RAW DATA START
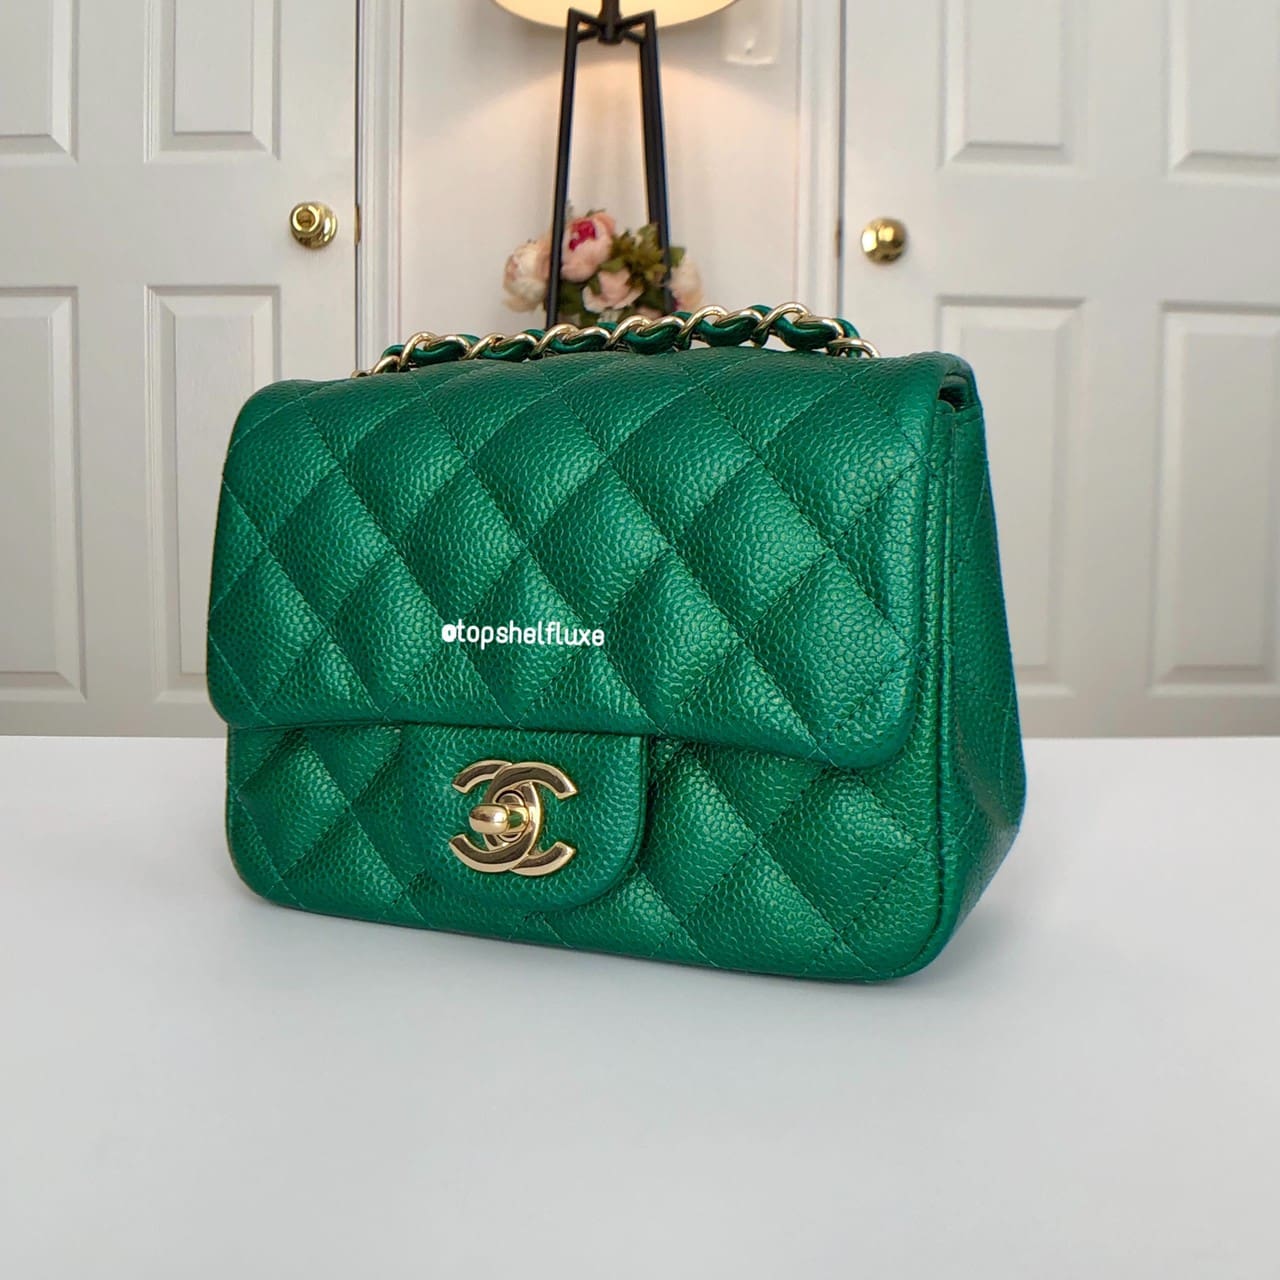 Chanel Classic Mini Square, 18S Emerald Green Cavwith Gold
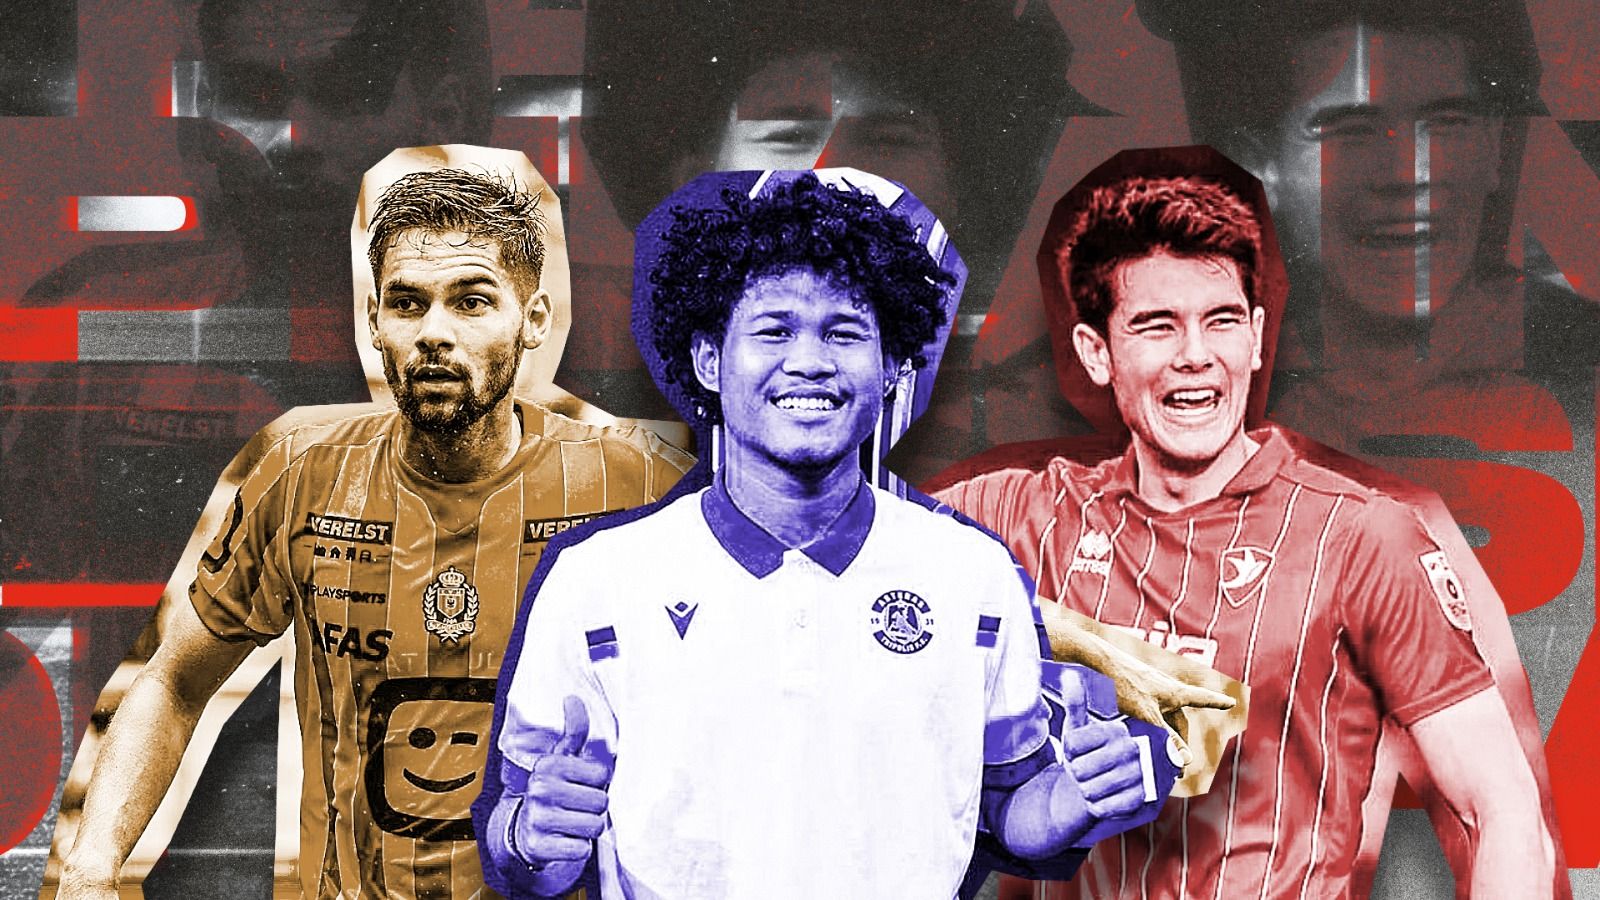 Rapor Pemain Indonesia di Eropa: Satu Cetak Gol dan Ada yang Gagal, Tiga Nama Absen
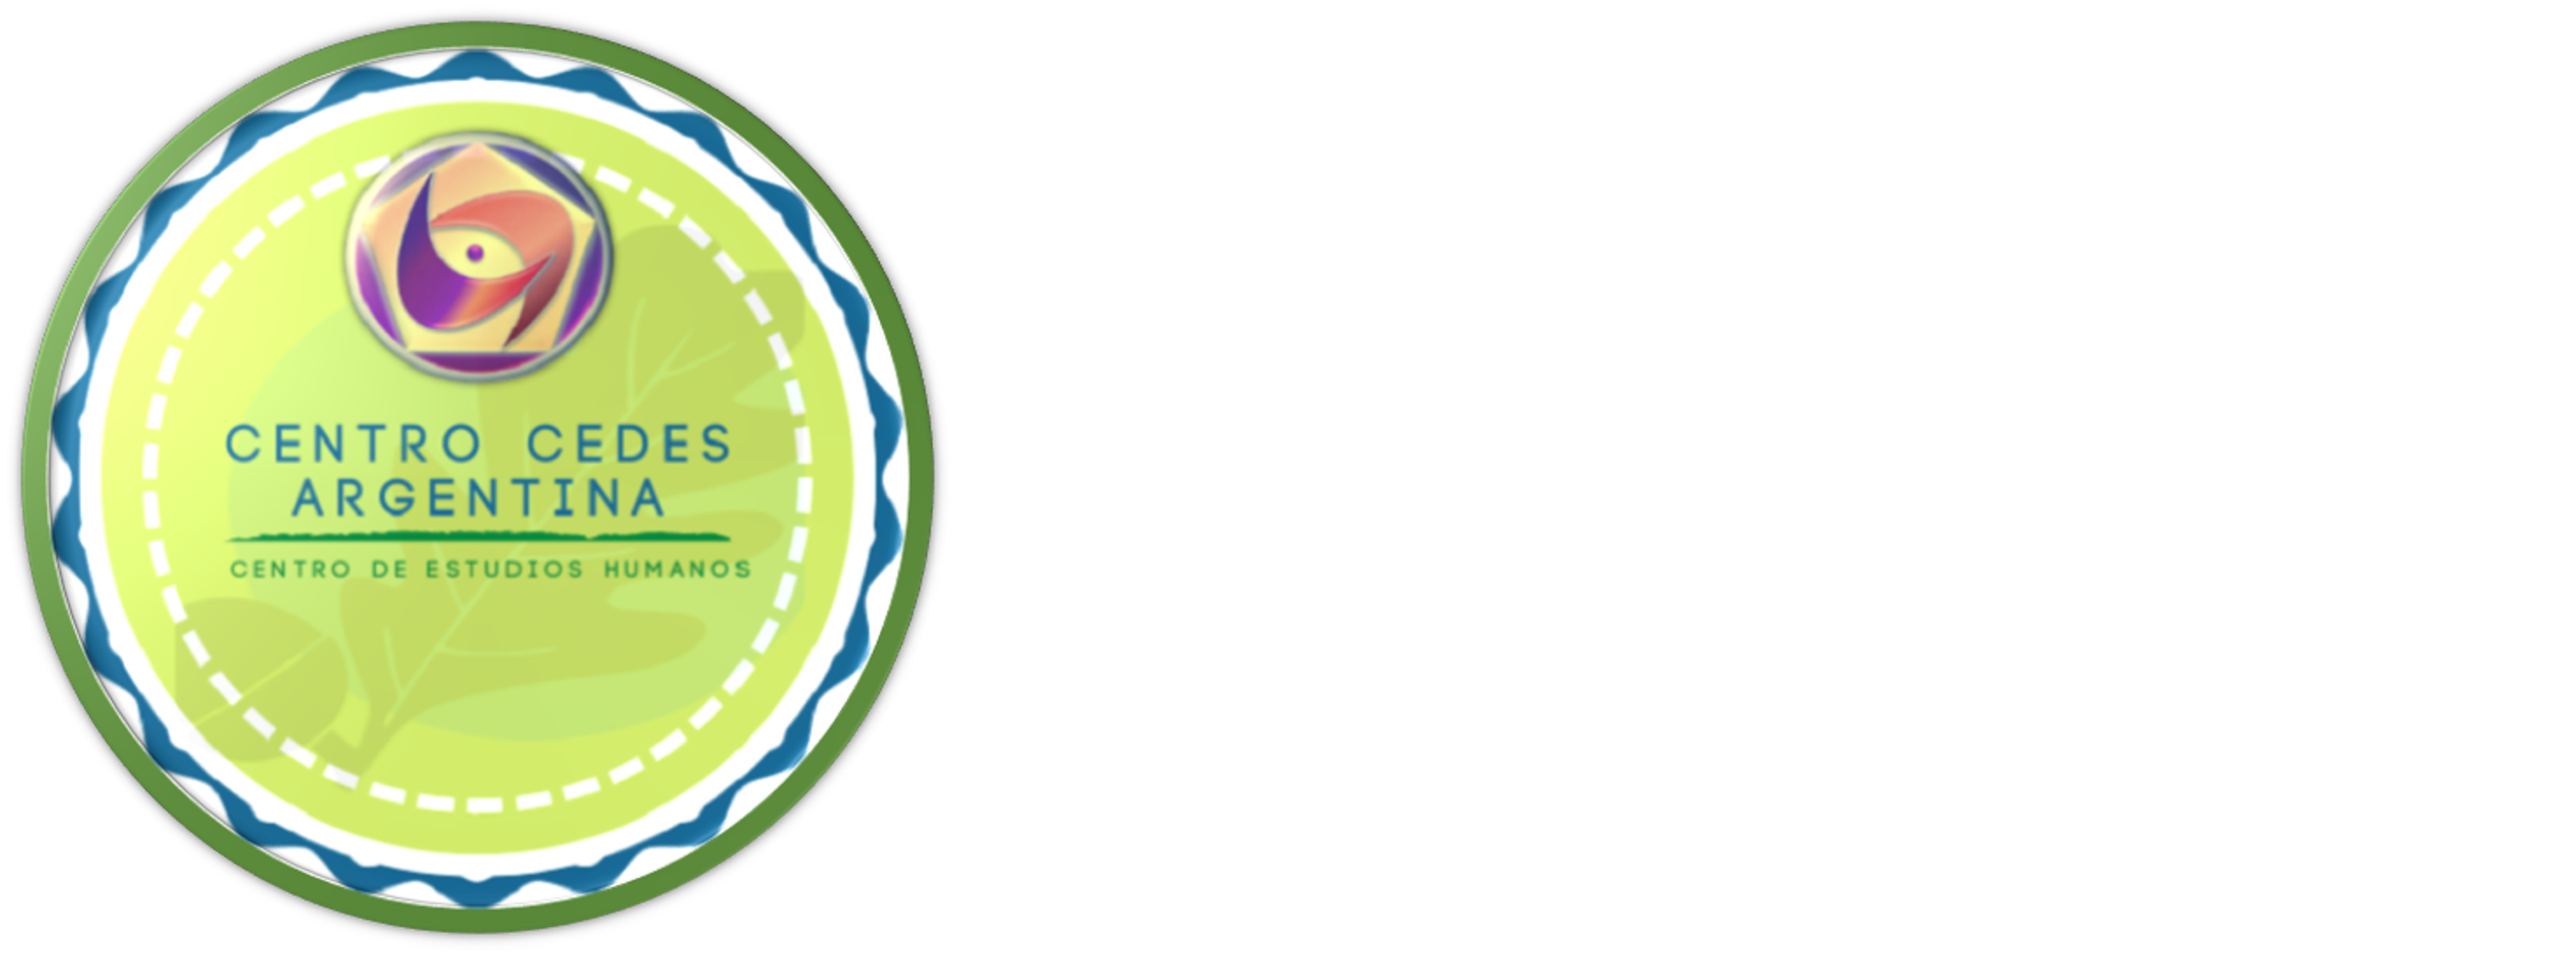 Centro Cedes Argentina
RAW DATA END
ACTIVITY:
Leave the images out and give the rest of the data again exactly.

RESULT:
 Chanel Classic Mini Square, 18S Emerald Green Cavwith Gold
 Rapor Pemain Indonesia di Eropa: Satu Cetak Gol dan Ada yang Gagal, Tiga Nama Absen
 Centro Cedes Argentina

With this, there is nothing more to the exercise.